The S&P 500 was 0.4% higher in early trading. The Dow Jones Industrial Average was up 335 points, or 1.1%, at 32,200, as of 9:57 a.m. Eastern time, while the Nasdaq composite was 0.4% lower.
Much of the attention was still on banks, which may be cracking under the pressure of the fastest flurry of hikes to interest rates in decades. Swiss banking giant UBS said Sunday it would buy its rival Credit Suisse for almost $3.25 billion in a deal quickly put together by regulators. Credit Suisse has been battling troubles for years, but they came to a head last week as its stock price tumbled to a record low.
Credit Suisse fell another 56% in its first trading after the deal was announced, while UBS rose 2.4% in Switzerland.

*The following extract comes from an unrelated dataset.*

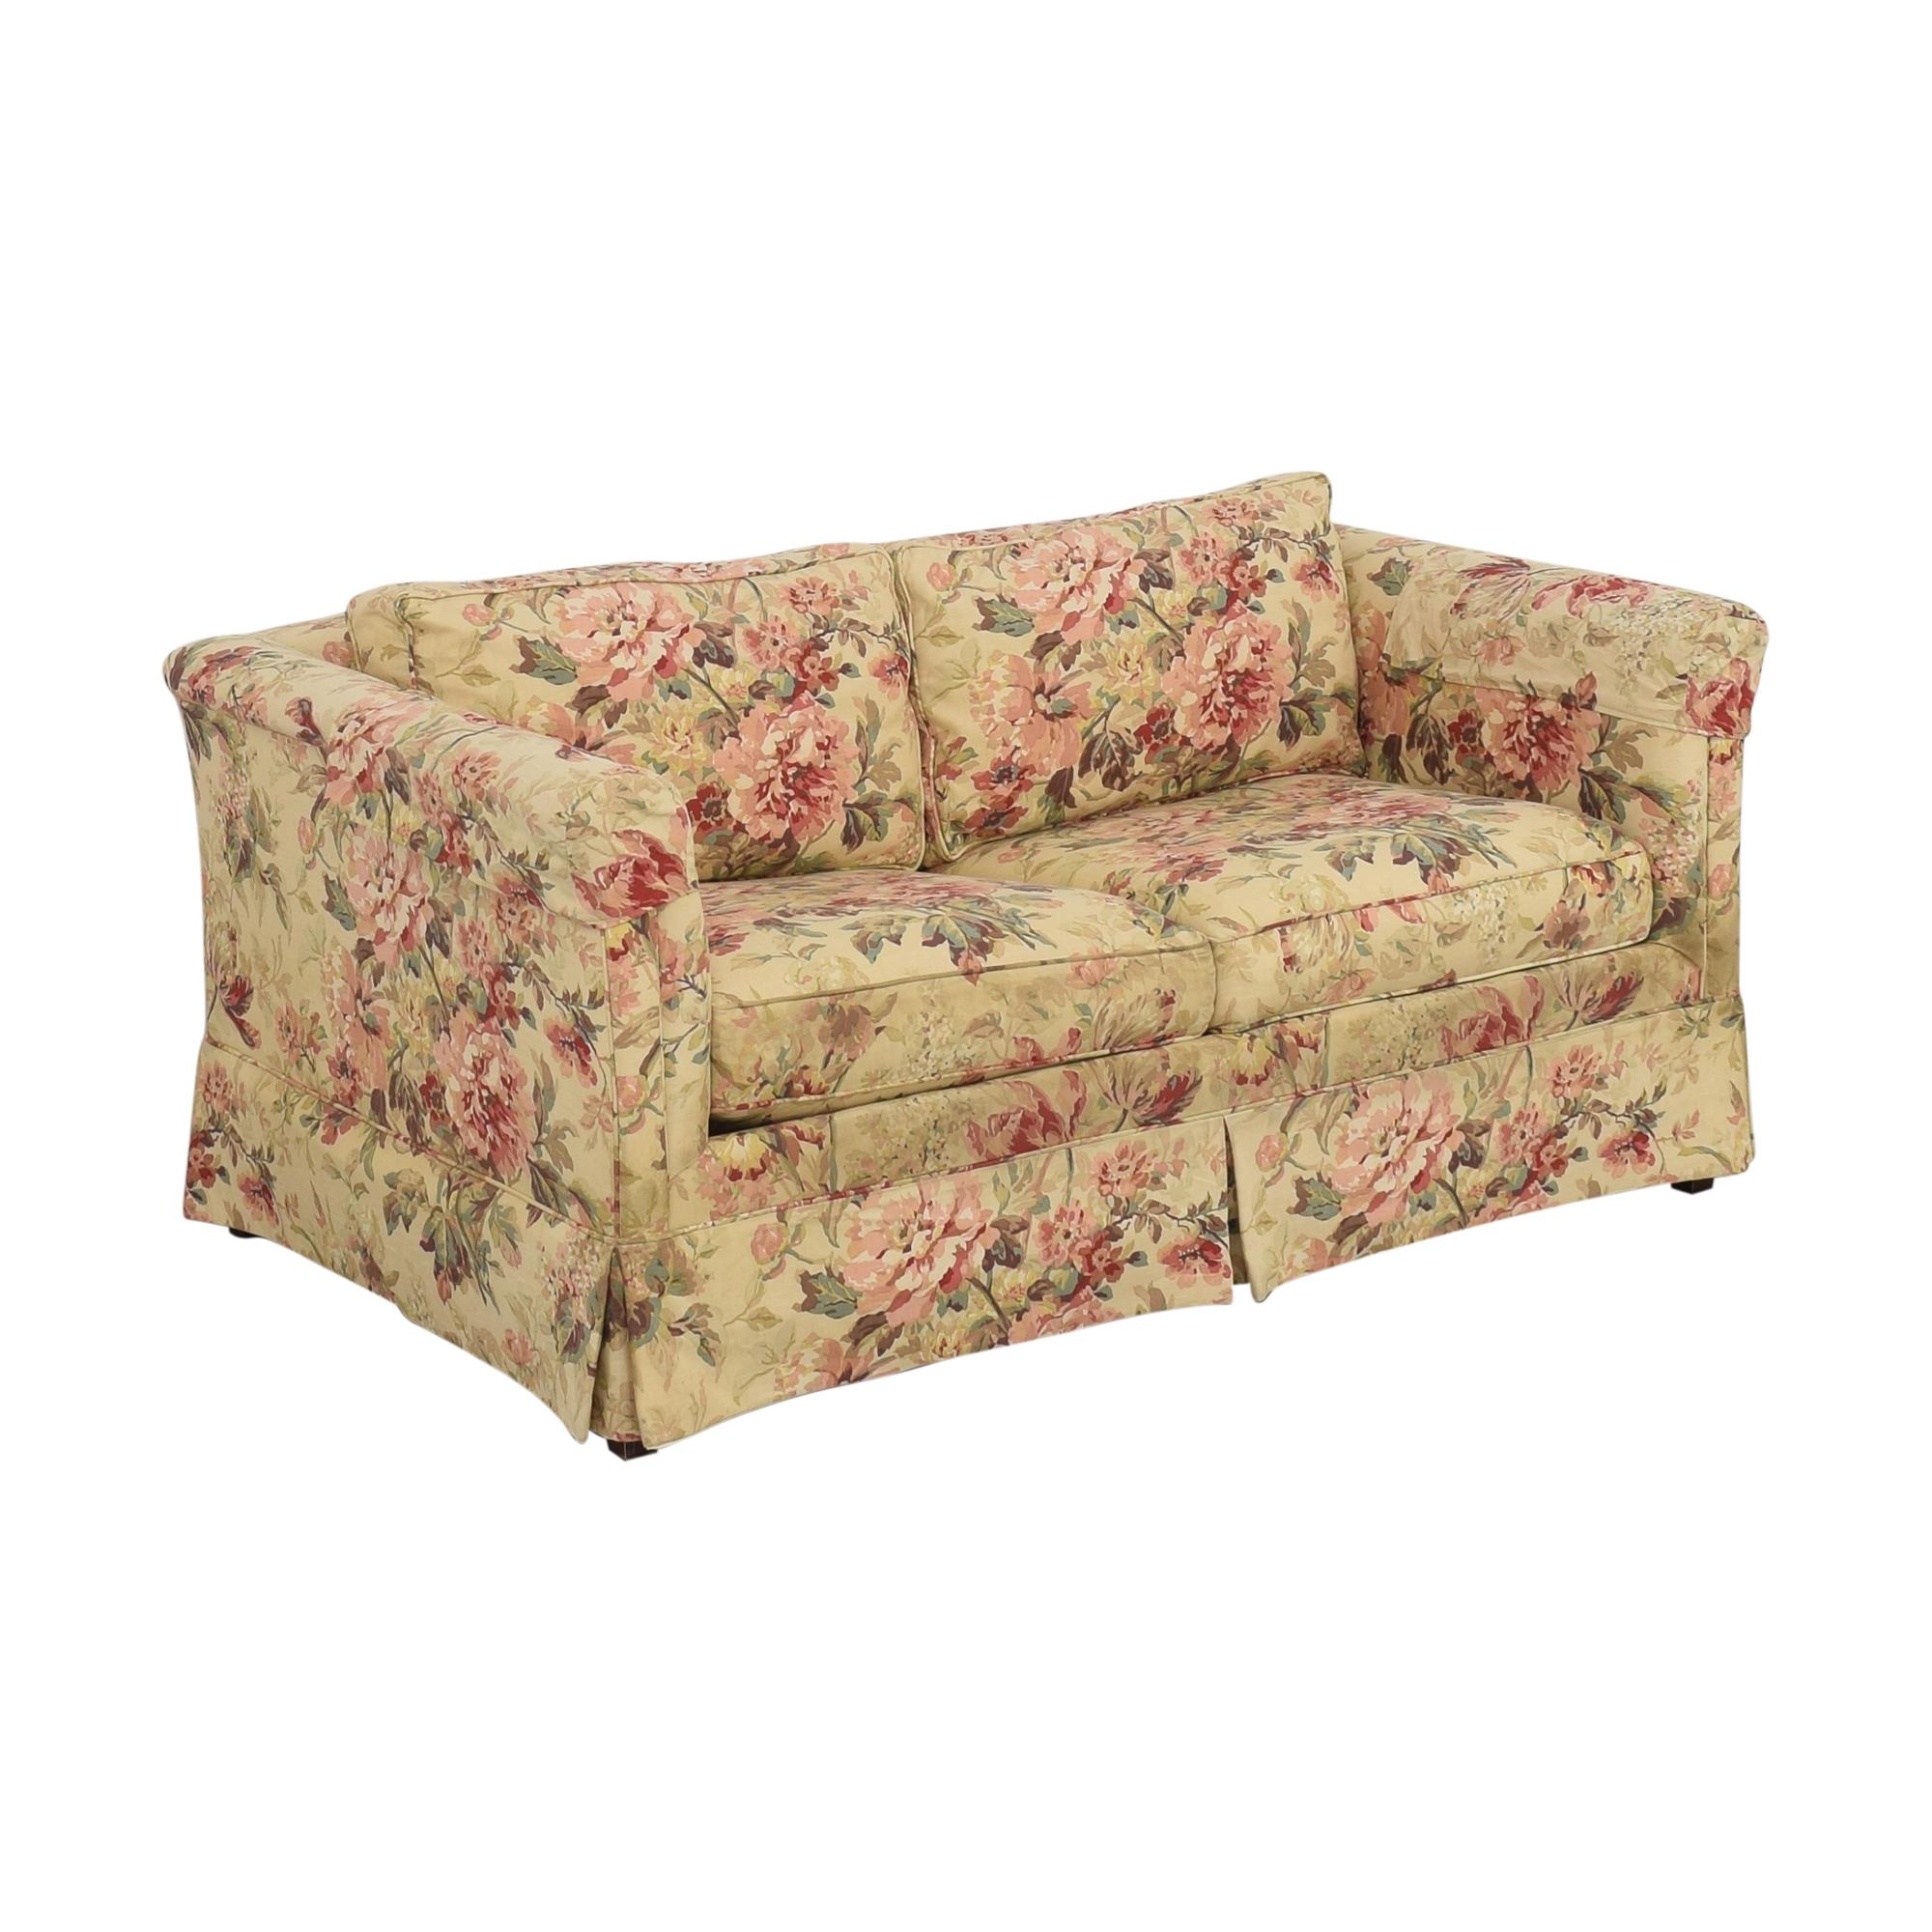 William Alan William Alan Loveseat Sleeper Sofa nj

“Considering that there was none of the long and thorough process for due diligence, it’s to be expected that there remains a host of questions, not to mention a broad range of concerns over many of the risky and hard-to-price assets sitting” inside Credit Suisse, said Quincy Krosby, chief global strategist for LPL Financial.

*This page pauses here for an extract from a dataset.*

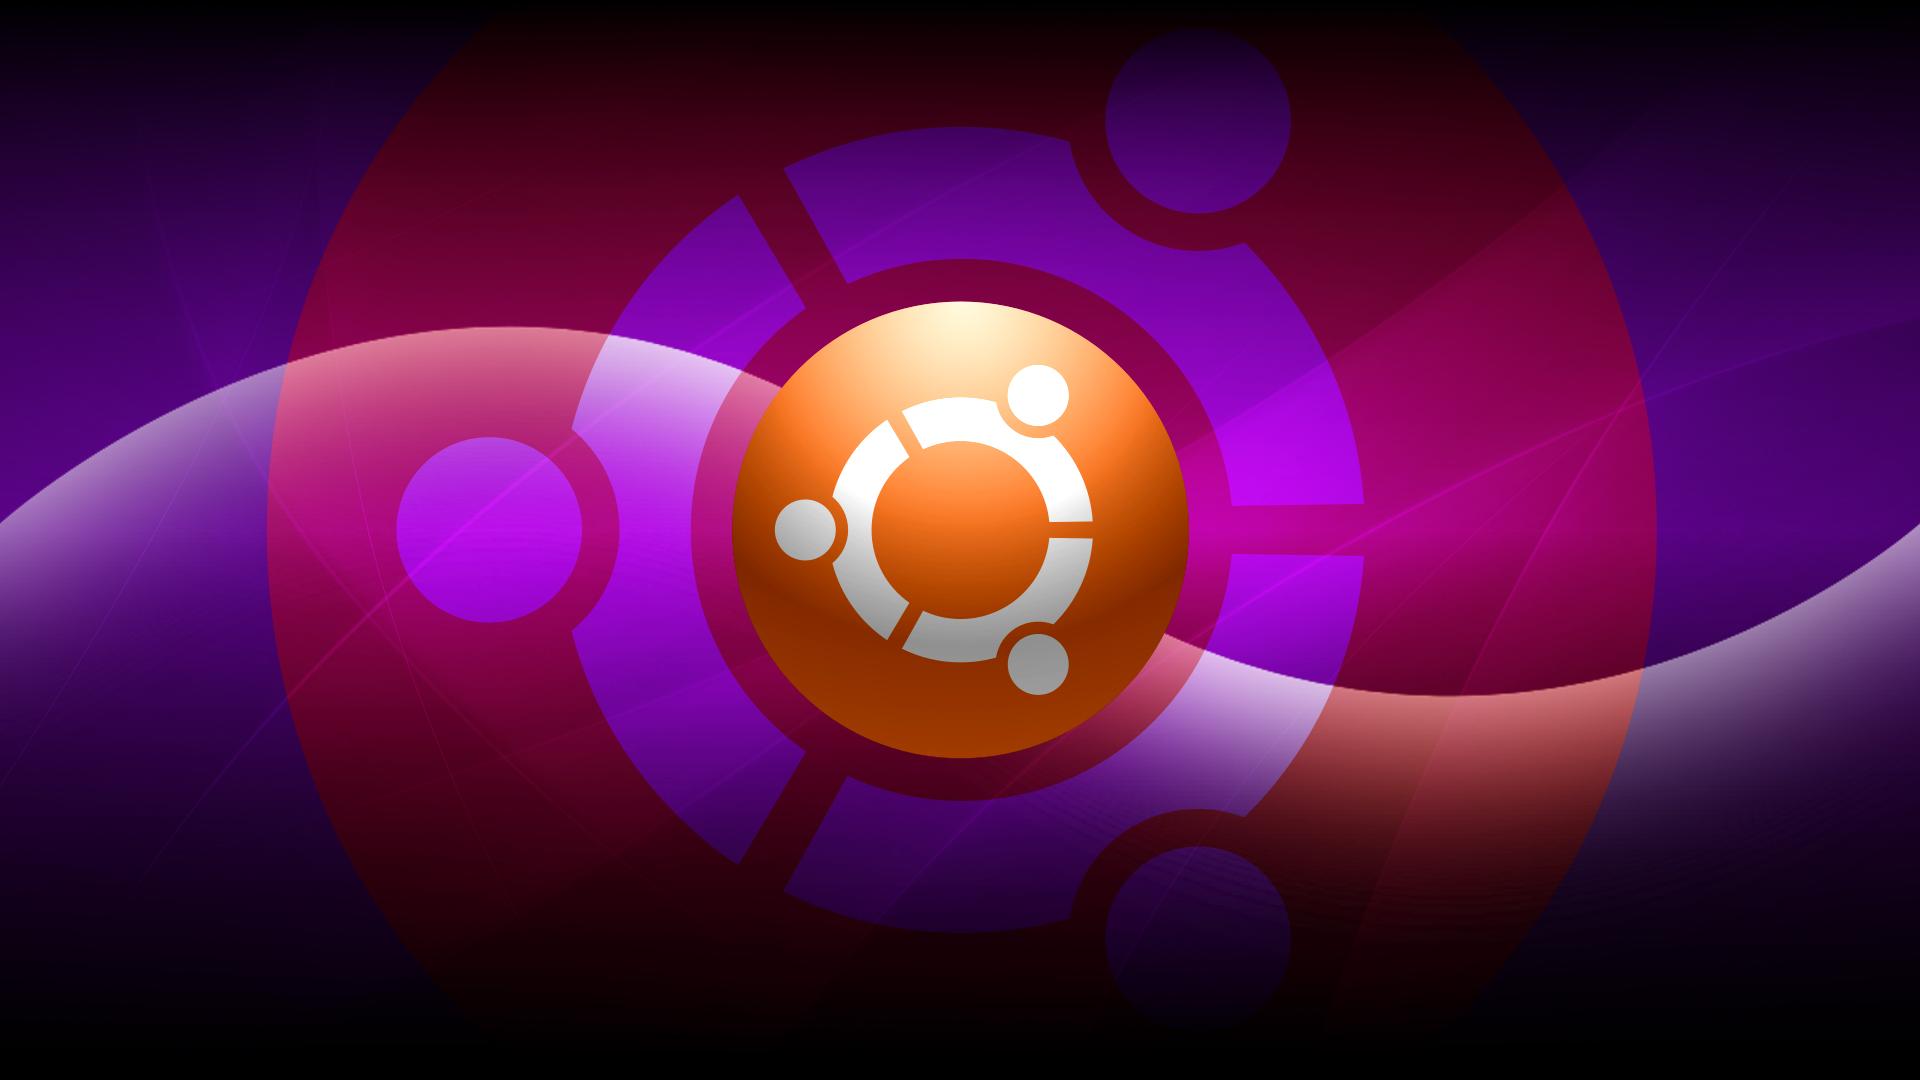 New Ubuntu Dark Wallpaper Set By Technokoopa On Deviantart

In the U.S., most of the attention has been on smaller and mid-sized banks on fears that falling trust could push their depositors to pull their money all at once. That’s what’s called a bank run, and such a move could topple them.

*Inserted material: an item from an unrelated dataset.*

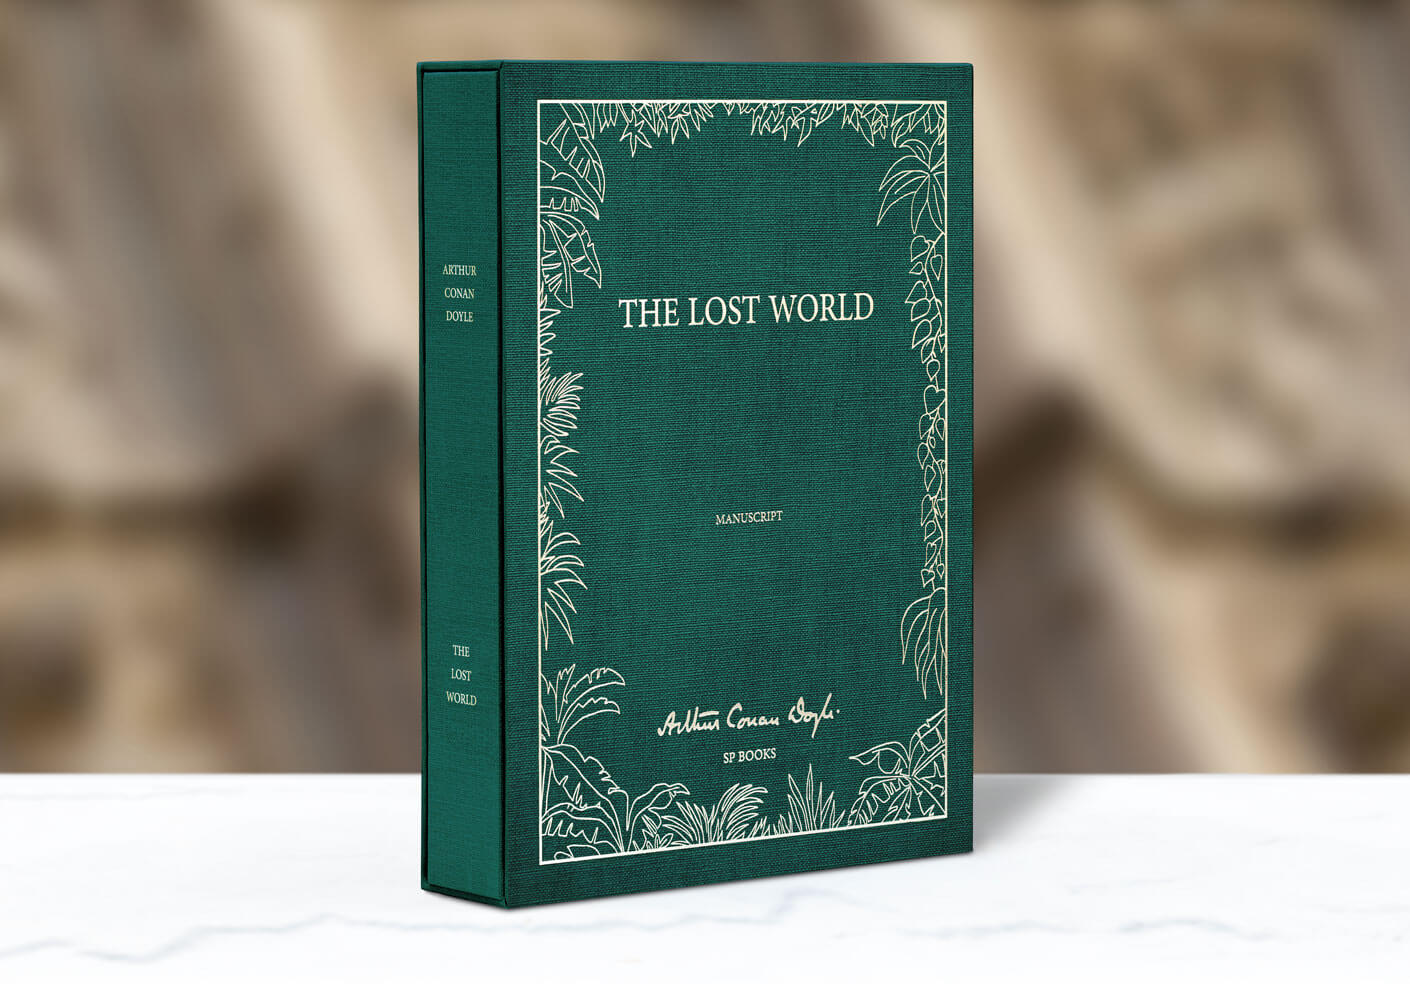 Conan Doyle - manuscript and slipcase

First Republic Bank has been at the center of investors’ crosshairs in the hunt for the industry’s next victim following the second- and third-largest U.S. bank failures in history. Its shares fell 14% after S&P Global Ratings cut its credit rating for First Republic for a second time since Wednesday on worries its depositors have rushed to pull out cash.
S&P said it could lower the rating even further despite a group of the biggest U.S. banks announcing last week they would deposit $30 billion in a sign of faith in First Republic and the larger banking industry.
While that money certainly helps, “it may not solve the substantial business, liquidity, funding, and profitability challenges that we believe the bank is now likely facing,” the credit-ratings agency said.
New York Community Bancorp jumped 34.7% after it agreed to buy much of Signature Bank in a $2.7 billion deal, the Federal Deposit Insurance Corp. said late Sunday. Signature Bank became the industry’s third-largest failure earlier this month after regulators seized it.
Other smaller- and mid-size banks were also doing better and helping to lead the market. Zions Bancorp. rose 6.4%, Comerica climbed 4.2% and KeyCorp gained 3.1%.
Much of the rest of the U.S. stock market was holding steady, but how long that lasts is a question mark. A huge decision is looming on the calendar by the Federal Reserve.
The U.S. central bank will announce its latest move on interest rates Wednesday. For a while, the big bet on Wall Street was that it would reaccelerate its hikes because of how stubborn high inflation has remained.
Higher rates can undercut inflation by slowing the economy, but they raise the risk of a recession later on. They also hurt prices for stocks, bonds and other investments. That was one of the factors hurting Silicon Valley Bank, which earlier this month became the second-biggest U.S. bank failure in history. Bonds owned by it and other banks have seen their prices fall as interest rates rose sharply.
The Fed has already pulled its key overnight rate to a range of 4.50% to 4.75%, up from virtually zero at the start of last year.
But all the recent stress in the banking system has pushed Wall Street to believe the Fed likely won’t pick up the pace again on its rate hikes. Instead, the bet is that it will likely stick with an increase of 0.25 percentage points, according to data from CME Group.
Some bets are even calling for the Fed to hold steady on interest rates Wednesday. But such a move could end up being more destabilizing because it could raise uncertainty: “the market may question ‘what does Fed know that we don’t?’ strategists wrote in a BofA Global Research report.
Such a calculus may have led the European Central Bank last week to hike its key rate last week by 0.50 percentage points despite speculation that it may ease up given all the stress in banks.
Drastic recalibrations by investors for what the Fed will do with interest rates have caused historic swings in the bond market. Yields there have plunged since earlier this month.
Consider the two-year Treasury, which tends to move particularly closely with expectations for the Fed. Its yield was sitting above 5% earlier this month, at its highest level since 2007, after data on inflation and other measures of the economy kept coming in higher than expected.
Last week it plunged well below 4%, which is a massive move for the bond market. It rose to 3.86% from 3.84% late Friday.
In markets abroad, stocks were modestly higher in Europe after falling across much of Asia.